• _Exercise instructions_
Given the records below, would you repeat exactly the lines that begin at the one containing "Euglen Mustafallari" and end at the one containing "World Of Warcraft", inclusive?
*** Records for this task Section Begins ***
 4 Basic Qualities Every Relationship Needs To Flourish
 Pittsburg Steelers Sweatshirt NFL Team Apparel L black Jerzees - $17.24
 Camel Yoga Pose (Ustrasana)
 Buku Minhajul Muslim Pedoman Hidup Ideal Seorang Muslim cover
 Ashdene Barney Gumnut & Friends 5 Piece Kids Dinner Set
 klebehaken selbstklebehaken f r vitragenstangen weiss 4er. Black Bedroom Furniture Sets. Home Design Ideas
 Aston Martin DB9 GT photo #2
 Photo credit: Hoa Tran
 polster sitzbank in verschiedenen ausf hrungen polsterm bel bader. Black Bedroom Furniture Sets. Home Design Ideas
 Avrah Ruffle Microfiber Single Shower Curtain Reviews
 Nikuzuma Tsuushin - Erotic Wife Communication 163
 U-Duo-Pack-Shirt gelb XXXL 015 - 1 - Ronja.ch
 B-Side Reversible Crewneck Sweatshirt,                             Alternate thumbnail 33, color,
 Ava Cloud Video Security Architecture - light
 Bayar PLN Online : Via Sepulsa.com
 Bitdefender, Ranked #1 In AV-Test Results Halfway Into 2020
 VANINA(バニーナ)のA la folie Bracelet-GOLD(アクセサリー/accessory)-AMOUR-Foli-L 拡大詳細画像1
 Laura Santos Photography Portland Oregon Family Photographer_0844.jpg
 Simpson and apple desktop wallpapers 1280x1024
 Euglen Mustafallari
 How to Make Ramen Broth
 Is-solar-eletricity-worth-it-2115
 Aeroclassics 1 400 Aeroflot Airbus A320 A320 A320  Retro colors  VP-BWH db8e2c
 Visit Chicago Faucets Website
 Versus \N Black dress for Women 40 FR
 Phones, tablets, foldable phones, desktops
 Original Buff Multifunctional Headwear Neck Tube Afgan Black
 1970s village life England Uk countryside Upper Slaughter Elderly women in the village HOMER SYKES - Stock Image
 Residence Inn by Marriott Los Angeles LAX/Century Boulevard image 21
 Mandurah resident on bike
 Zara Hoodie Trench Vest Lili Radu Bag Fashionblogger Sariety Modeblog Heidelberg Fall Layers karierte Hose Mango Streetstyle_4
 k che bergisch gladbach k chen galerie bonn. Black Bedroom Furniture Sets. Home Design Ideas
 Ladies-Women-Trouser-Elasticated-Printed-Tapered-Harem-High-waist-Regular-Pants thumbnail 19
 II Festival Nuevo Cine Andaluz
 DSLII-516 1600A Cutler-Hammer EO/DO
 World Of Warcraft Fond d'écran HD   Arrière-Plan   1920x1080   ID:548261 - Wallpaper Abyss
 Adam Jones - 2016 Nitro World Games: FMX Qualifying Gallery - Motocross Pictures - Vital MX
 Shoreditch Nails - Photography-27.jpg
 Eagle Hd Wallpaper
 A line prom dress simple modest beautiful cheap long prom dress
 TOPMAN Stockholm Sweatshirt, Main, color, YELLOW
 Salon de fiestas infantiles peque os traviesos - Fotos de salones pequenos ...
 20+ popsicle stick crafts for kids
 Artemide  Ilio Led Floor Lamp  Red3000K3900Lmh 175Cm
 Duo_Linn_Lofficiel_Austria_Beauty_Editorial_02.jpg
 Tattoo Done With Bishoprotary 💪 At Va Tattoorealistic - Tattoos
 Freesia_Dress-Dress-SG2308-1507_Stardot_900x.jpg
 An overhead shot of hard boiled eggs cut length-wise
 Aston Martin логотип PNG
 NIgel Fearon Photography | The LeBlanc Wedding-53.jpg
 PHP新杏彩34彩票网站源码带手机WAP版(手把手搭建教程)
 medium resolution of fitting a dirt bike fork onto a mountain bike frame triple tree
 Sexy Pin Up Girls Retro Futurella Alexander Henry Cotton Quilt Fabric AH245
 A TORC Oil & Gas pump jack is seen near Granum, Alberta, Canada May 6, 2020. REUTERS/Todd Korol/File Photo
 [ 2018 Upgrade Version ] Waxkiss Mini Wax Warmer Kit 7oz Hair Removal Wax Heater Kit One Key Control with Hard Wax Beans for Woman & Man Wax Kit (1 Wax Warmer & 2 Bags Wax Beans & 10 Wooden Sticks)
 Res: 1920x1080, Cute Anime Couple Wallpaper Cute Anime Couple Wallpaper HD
*** Records for this task Section Ends ***
• _Answer box_
 Euglen Mustafallari
 How to Make Ramen Broth
 Is-solar-eletricity-worth-it-2115
 Aeroclassics 1 400 Aeroflot Airbus A320 A320 A320  Retro colors  VP-BWH db8e2c
 Visit Chicago Faucets Website
 Versus \N Black dress for Women 40 FR
 Phones, tablets, foldable phones, desktops
 Original Buff Multifunctional Headwear Neck Tube Afgan Black
 1970s village life England Uk countryside Upper Slaughter Elderly women in the village HOMER SYKES - Stock Image
 Residence Inn by Marriott Los Angeles LAX/Century Boulevard image 21
 Mandurah resident on bike
 Zara Hoodie Trench Vest Lili Radu Bag Fashionblogger Sariety Modeblog Heidelberg Fall Layers karierte Hose Mango Streetstyle_4
 k che bergisch gladbach k chen galerie bonn. Black Bedroom Furniture Sets. Home Design Ideas
 Ladies-Women-Trouser-Elasticated-Printed-Tapered-Harem-High-waist-Regular-Pants thumbnail 19
 II Festival Nuevo Cine Andaluz
 DSLII-516 1600A Cutler-Hammer EO/DO
 World Of Warcraft Fond d'écran HD   Arrière-Plan   1920x1080   ID:548261 - Wallpaper Abyss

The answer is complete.